Irises bloom for a short period of time in early summer, then the leaves remain until fall to collect nutrients for next years blooming. Irises require minimal maintenance, making them a favorite in many home gardens. Some of this maintenance takes place in fall to prepare the plants for winter. Winterize iris once the foliage begins to brown and die back in mid to late autumn. This prevents iris borers from killing the rhizomes as well as improving the look of your garden over winter.

Stop watering the iris after the last blooms fade in early summer, or late summer for double blooming varieties. Natural rainfall and moisture is all that is needed at this time.

Let the foliage yellow and die down naturally. Avoid removing any of the foliage until it is completely died back or until the first light frost in autumn—whichever occurs first.

Cut off all dead leaves with gardening shears 1 inch above the soil surface or rhizome, if it is visible.

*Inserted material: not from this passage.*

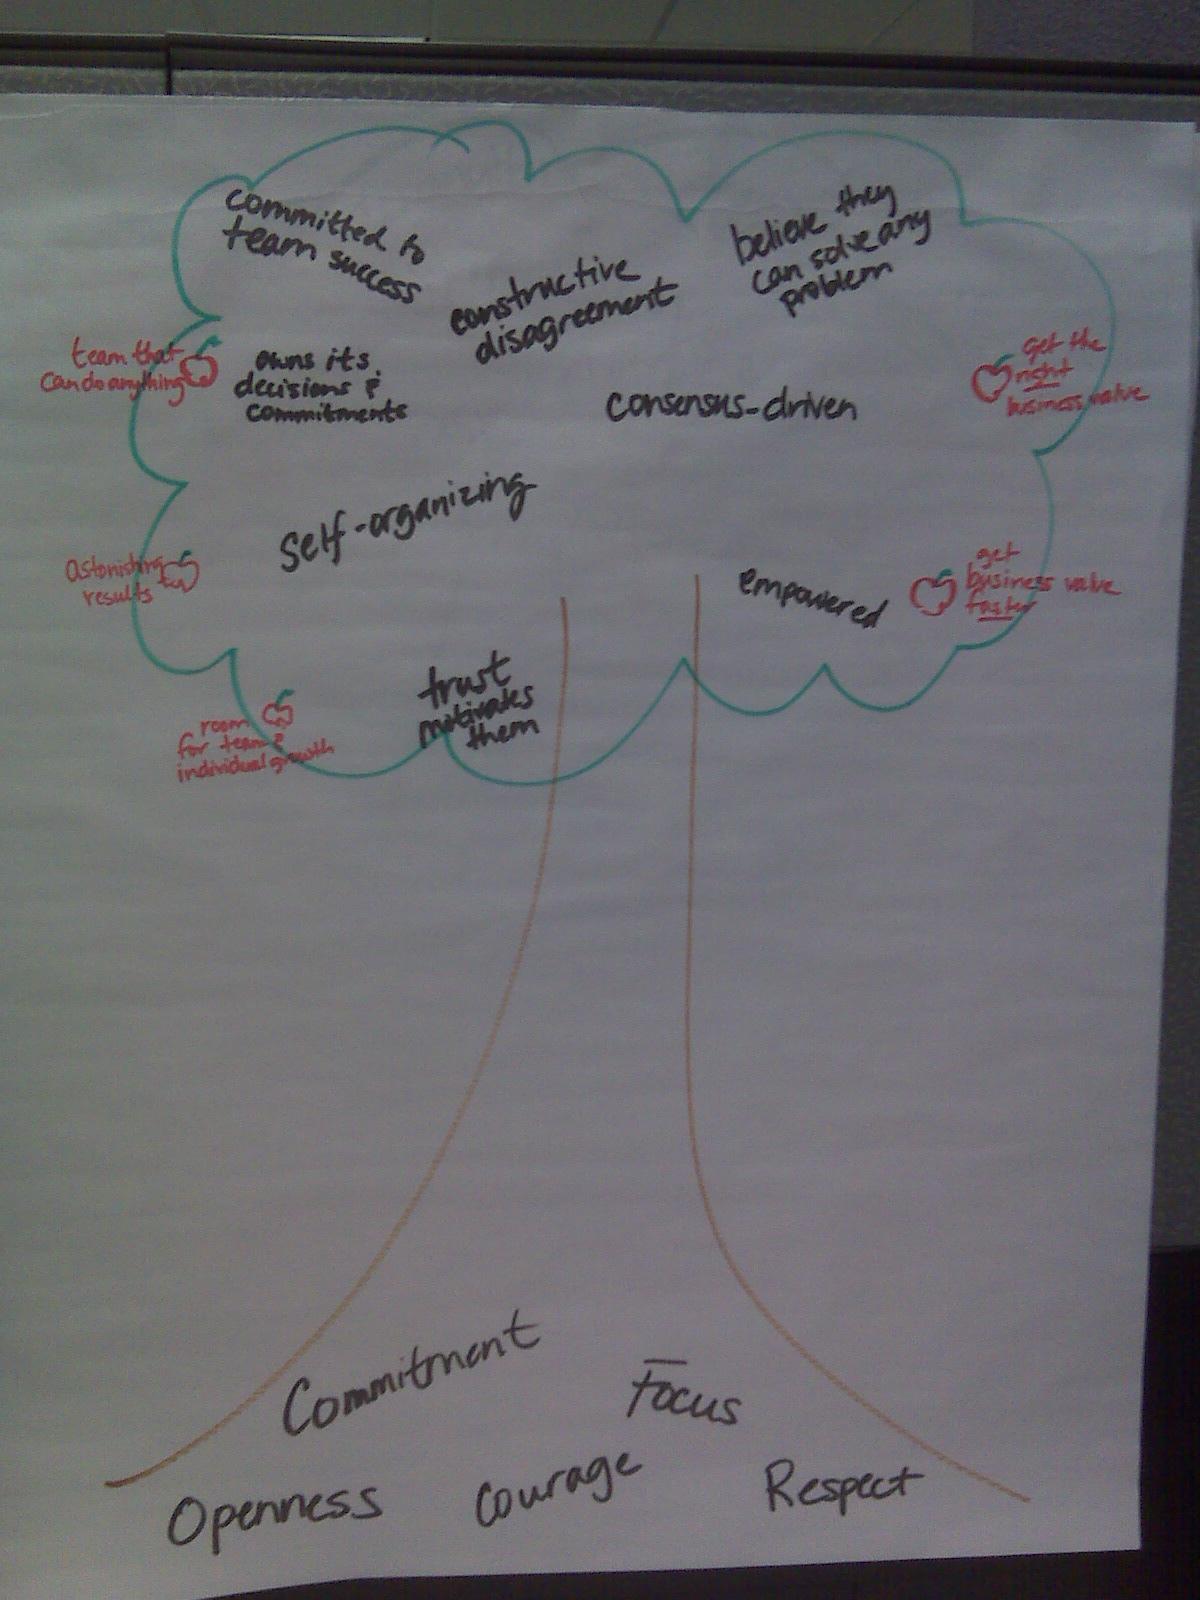 Scrum Values Tree

Leave the small ring of new, green leaves at the base of the plant in place, as they collect nutrients over winter.

Inspect the new leaves for dark brown streaks, as this is a sign that iris borers have laid eggs on them. Remove any affected leaves but allow the healthy ones to stay on the plant.

Cut off any remaining flower stalks in the center of the plant. Remove them at the base of the plant.

Remove leaves, grass and other garden debris from the base of the plant. Brush away any soil covering the rhizomes so they are just visible at the soil surface.

Inspect the visible rhizomes tops for signs of rot such as softness or bruised spots. Remove any damaged or rotted rhizomes so they don't spread infection to the healthy ones.


If your iris needs divided, do so in late summer. Cut the foliage down to 6 inches prior to dividing, but don't remove completely until it's time to winterize.


Do not apply mulch over iris beds in winter. This leads to moisture retention and causes the rhizomes to rot.